Are you using RGB fill color or CMYK? RGB should be used.

Also, if the entire image is grayscale b/w you can force grayscale printing only in the printer driver ... but if the image is a regular color image with gray elements this won't work.

Artanium inks black has a bit of a purple tint, some call "eggplant black" so if you are using those inks forcing grayscales using pure "K" won't work as well with those inks. 

Long term your color management setup should be looked at, but if you are using Corel you can use "swatches" to "cherry pick" your grays.

To save substrates go to Walmart or Joanne's Fabric and get some 100% poly available by the yard.
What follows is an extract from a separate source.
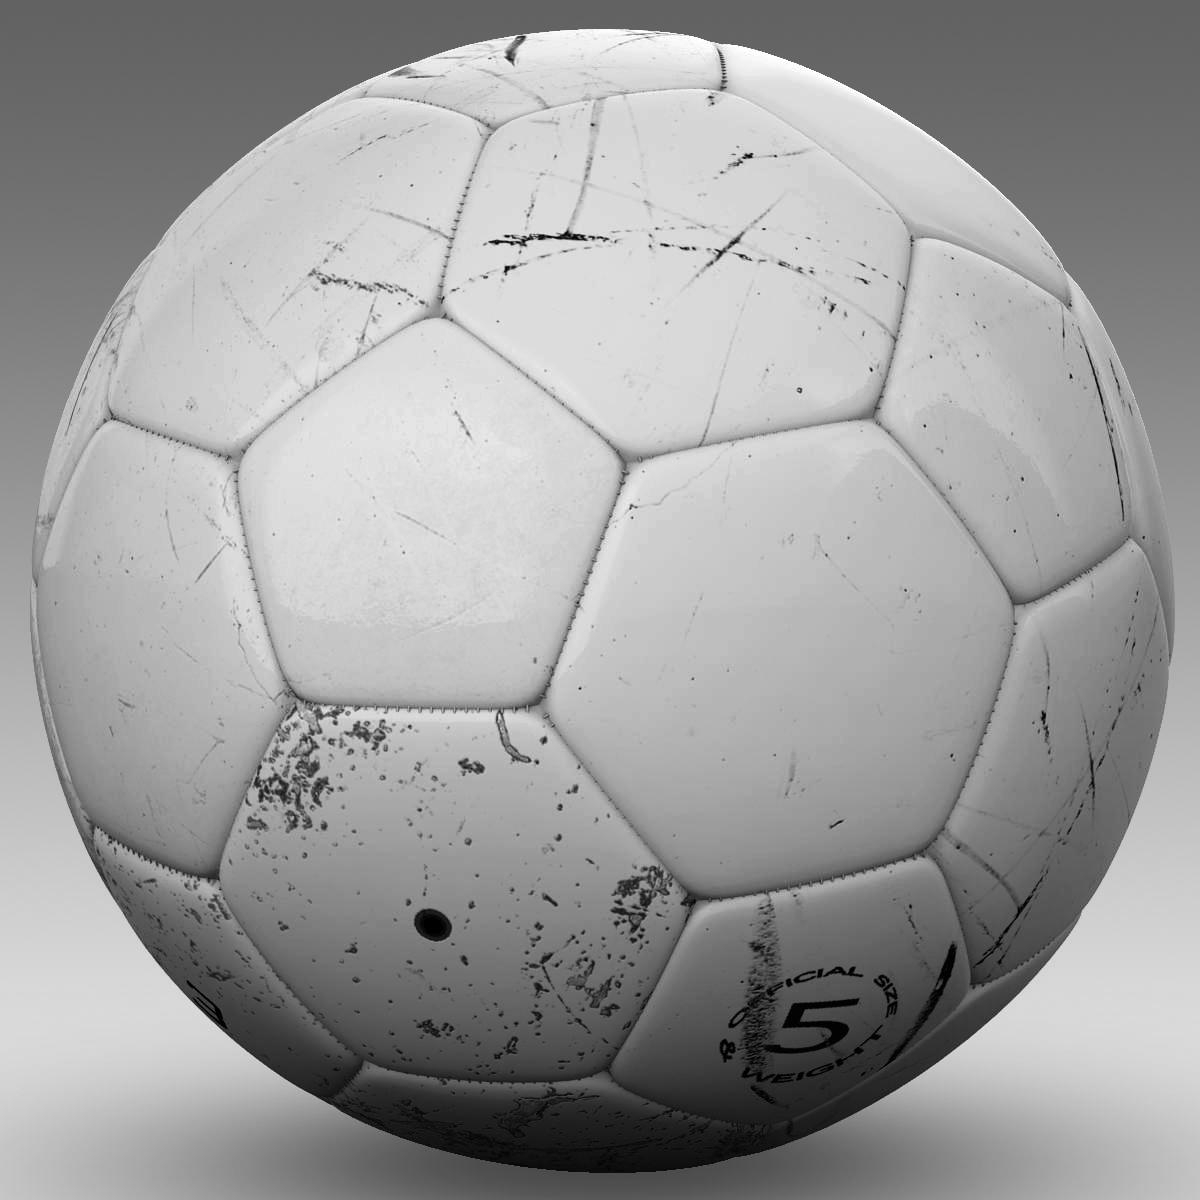 soccerball цагаан 3d загвар 3ds max fbx c4d ma mb obj 205183

It is cheap and while not exactly the same as your substrate it will give a good relative indication of color after heat pressing.

This webpage has some swatches you can download for CD and the concept of swatches is well presented.

CMYK & RGB Color Charts - MultiRIP Sublimation, Transfers, Photograph and Direct-to-Garment Printing RIP Softwares

You can use this method to dial in precise colors. Dwell time can effect blacks and grayscales as well.


----------